Akhbar Khan, a nationalist/independence leader in Baluchistan has been killed by the Pakistani military, in a massive operation that is seriously destabilizing military dictator Pervez Musharraf’s regime.

This is natural gas country. This is where China is helping to build a pipeline, which Bush opposes. This is from where commandos are penetrating Iran (according to Hersh). This is where the “west” has been stoking up separatist fires, probably to get Musharraf’s army to intervene. Need boots on the ground to encircle Iran. Quetta is capital and in ‘Taleban’ control. Nevertheless, the killing of Akhbar Khan is really upsetting the country–the whole of Pakistan. Meanwhile, Waziristan is off limits to Paki army, though the locals keep being aerially bombed–mostly by US.

Why should the news from Baluchistan interest us? I’ll let you connect the dots by presenting a bit of context and concluding with an article from the Carnegie Endowement, which, I think, will underline the significance of the event for the prospected US attack on Iran.

Pakistani military dictator’s regime is very unpopular in Pakistan.
Musharraf, as Bush’s ally on the “war on terror,” has had to do unpopular things, like deploying 70,000 troops to the North-West autonomous tribal regions (among them Waziristan) to hunt down “terrorists” and such.

He hasn’t been successful, but American aerial attacks from nearby Afghanistan have killed alleged “leaders” and sundry civilians, causing a flood of refuges and displacements. Serious Pakistani military casualties have not increased his popularity and neither has the charge that he’s allowing American forces to violate Pakistani sovereignty. Musharraf’s campaign in Waziristan has failed so thoroughly that the region is now virtually off limits to governmental forces.

Baluchistan is continuous with the Waziristan region. Baluchistan is a western province of Pakistan, constituting about 40% of Pakistan’s national surface. Its capital is Quetta, accused byAfghanistan’s Karzai (which really means Washington) of being a Taliban stronghold supplying and fueling the Taliban armed resurgence in southern Afghanistan. Musharraf’s regime denies it. Nevertheless, Musharraf has re-opened hostility in Baluchistan against the decades-long independists forces, which he’s accused of provoking into taking up arms again. Musharraf, throughout the spring of 2006, has come under intense criticism by British, American, and Afghan officials for not doing enough for the “war on terror.” The trouble is that if he complies with his allies in the “war on terror,” he comes under attack from domestic critics, of which he has legions, including the majority of the people.

The latest developments in the murder of the Baluch leader, Bugti, is a case in point: Pakistan is in an uproar and calling for his resignation.

Why would the axis-of-evil crusaders want to destabilize a crucial ally? They don’t “want” to, but they have bigger plans.

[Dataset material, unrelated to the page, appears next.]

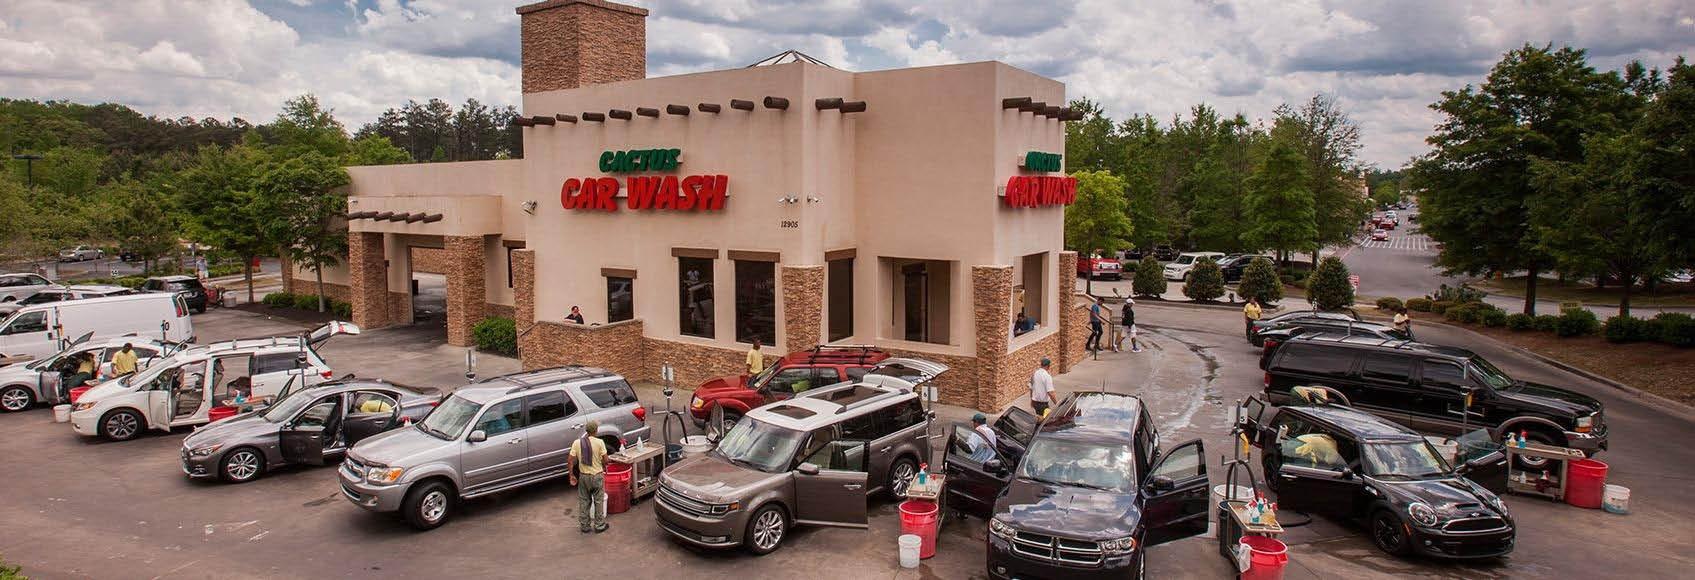 Cactus Car Wash in Marietta, GA Banner ad

The US has three military bases in Baluchistan. They say they are fighting Al Qaeda and Taliban forces in the region. Perhaps. But, Baluchistan borders with Iran to the west. Baluchistan, too, is rich in natural gas and minerals. China is helping the Pakistani government to build a natural gas pipeline from Baluchistan’s port of Gwadar to China, a project the Bush administration opposes. The port of Gwadar just happens to be geographically located to overlook the Straits of Hormuz, which the Iranians intend to block if they are attacked. Hormuz is the crucial sea route for international oil distribution.

Coincidence that the US should be interested in “terrorism”in Baluchistan and urging Musharraf to be more zealous at the same time that it is planning an attack on Iran?

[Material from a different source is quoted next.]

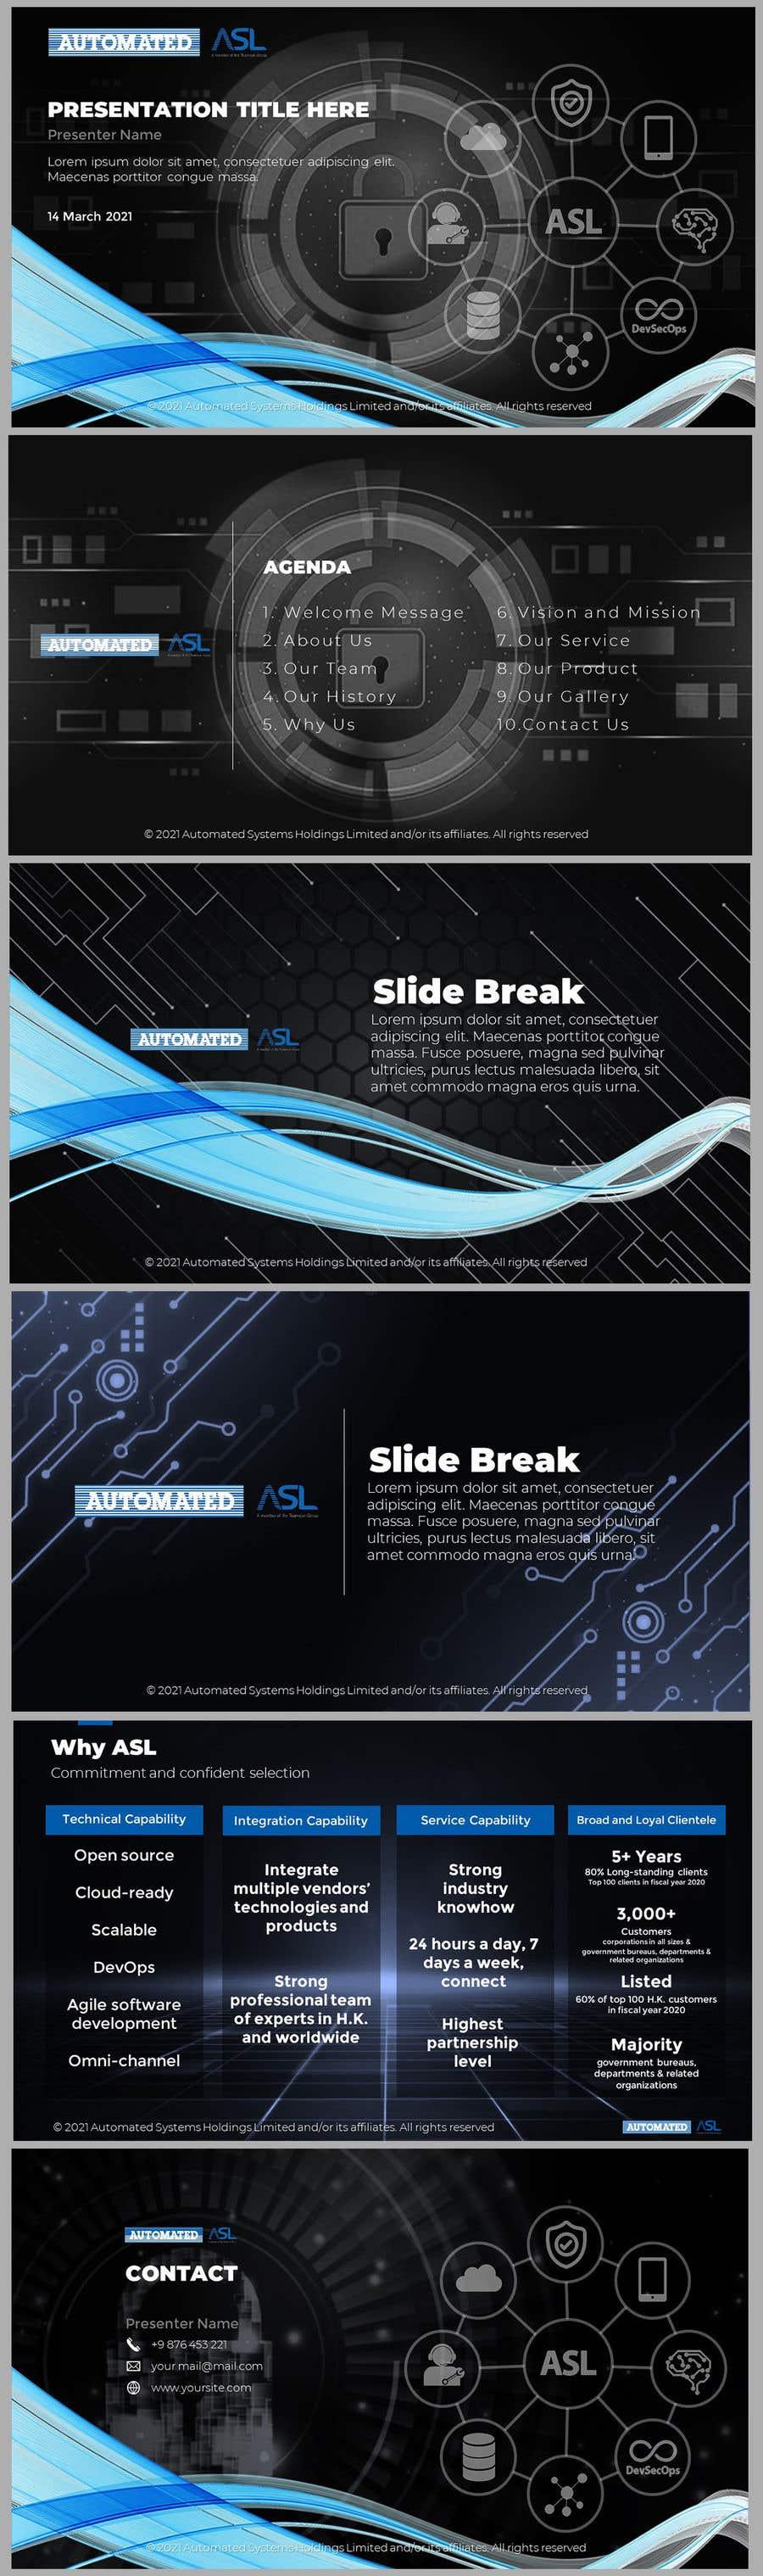 Bài tham dự cuộc thi #                                        44                                      cho                                         Corporate PPT Template Design (6 slides)

An article by the Carnegie Endowment entertains the same thought, albeit to deny it: “The Baluch and the Pakistani think that Washington would like to use Baluchistan as a rear-guard base for an attack on Iran, and Iran is suspected of supporting Baluch [independence] activists in order to counter such a Pakistani-US plot. . . . Some Pakistanis perceive the US using its Greater Middle East initiative to dismantle the major Muslim states and redefine the borders of the region. Some Baluch nationalists charge the US with conspiring with the Pakistani government to put an end to Baluch claims. So far nobody has been able to prove any of these accusations.”

No? No matter, the Iranians have been mining their side of the Baluch borders, just in case, and Bugti, Baluch independence leader, has been killed by the diplomatically besieged Musharraf, catapulting the country into a political crisis.

Coincidence? Or are plans for an Iranian attack well on the way?

I remind you that Seymour Hersh, in The New Yorker, has confirmed that US commandos have launched penetration initiatives across Pakistani Baluchistan into Iran.

You can read more here:
http://www.iht.com/articles/ap/2006/08/27/asia/AS_GEN_Pakistan_Tribal
http://www.newkerala.com/news4.php?actionfiltered=fullnews&id=13371
http://www.hindu.com/thehindu/holnus/001200608291840.htm
http://www.dawn.com/2006/08/29/ed.htm
Here’s the Carnegie Endowment’s complete article:
http://www.carnegieendowment.org/events/index.cfm?fa=eventDetail&id=848&&prog=zgp&proj=zdrl,zsa

Luciana Bohne teaches film and literature at Edinboro University of Pennsylvania. She can be reached at [email protected] .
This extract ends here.